## Assignment
Look below for the line with "Speedmaster Dark Side", then repeat it and all lines after it, exactly, minus any pictures.

## Data segment
********************

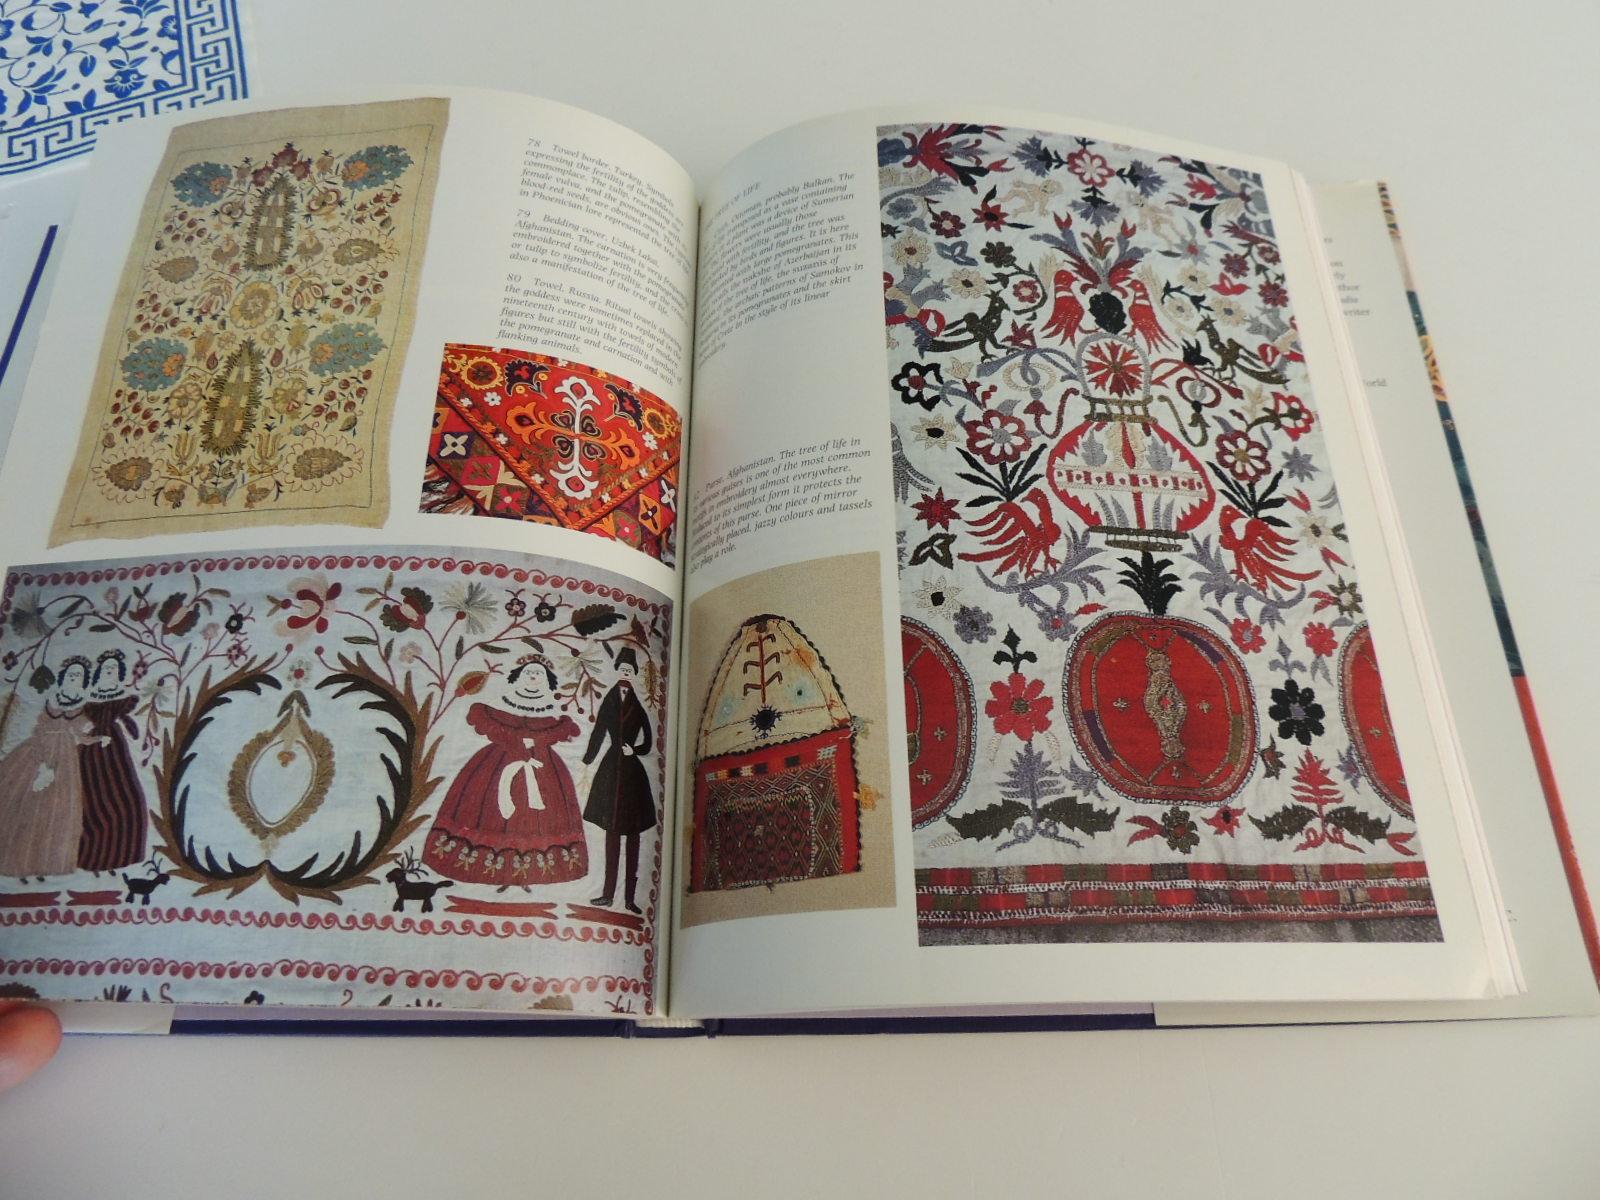 Late 20th Century Embroidered Textiles, Traditional Patterns from Five Continents Hardcover Book
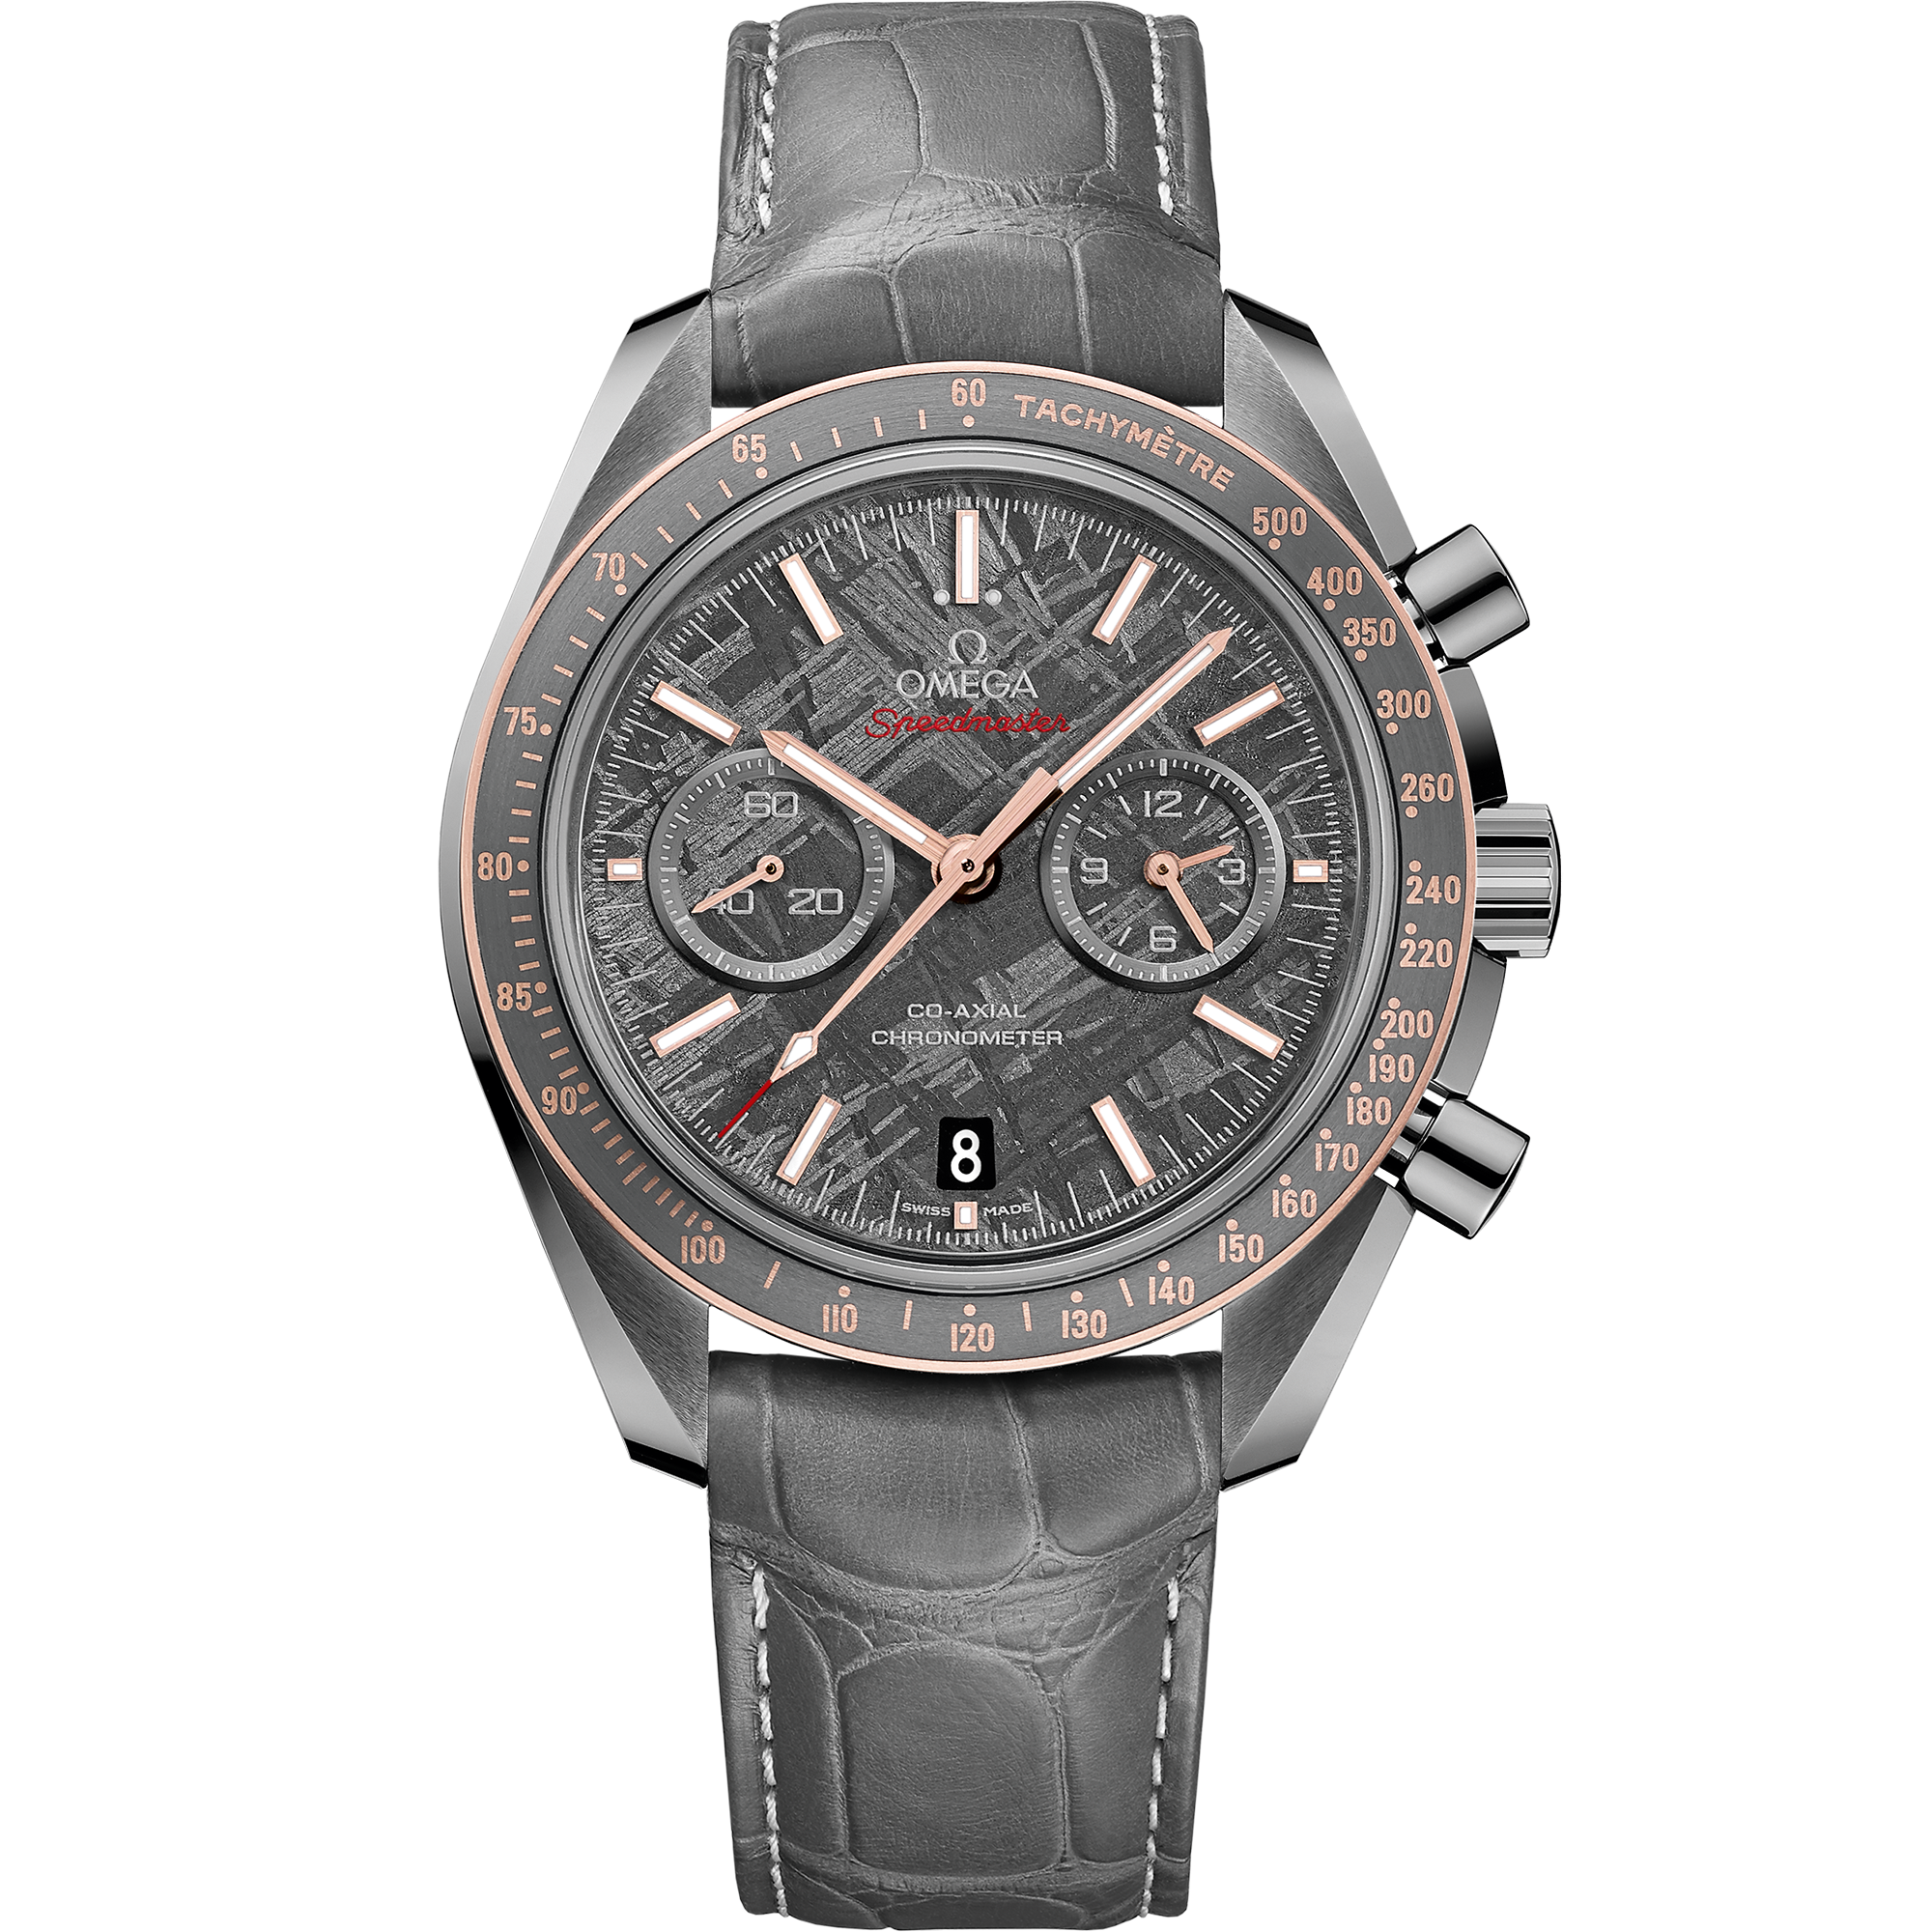 Speedmaster Dark Side of the Moon 44.25 mm, grey ceramic on leather strap with foldover clasp - 311.63.44.51.99.001
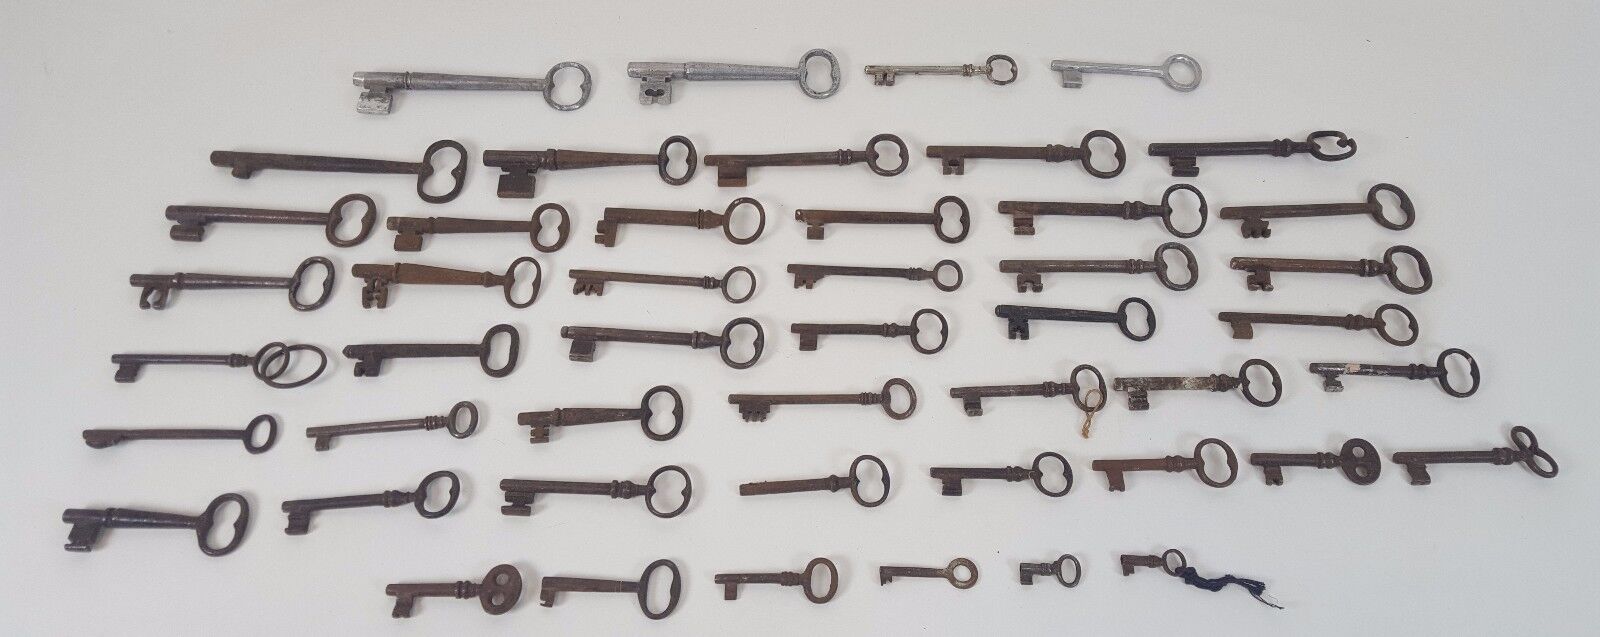 COLLECTION OF 48 KEYS ANTIQUE IRON AND ALUMINUM. SPAIN. FROM THE 17TH CENTURY TO

********************

## Solution to the problem
 Speedmaster Dark Side of the Moon 44.25 mm, grey ceramic on leather strap with foldover clasp - 311.63.44.51.99.001
 COLLECTION OF 48 KEYS ANTIQUE IRON AND ALUMINUM. SPAIN. FROM THE 17TH CENTURY TO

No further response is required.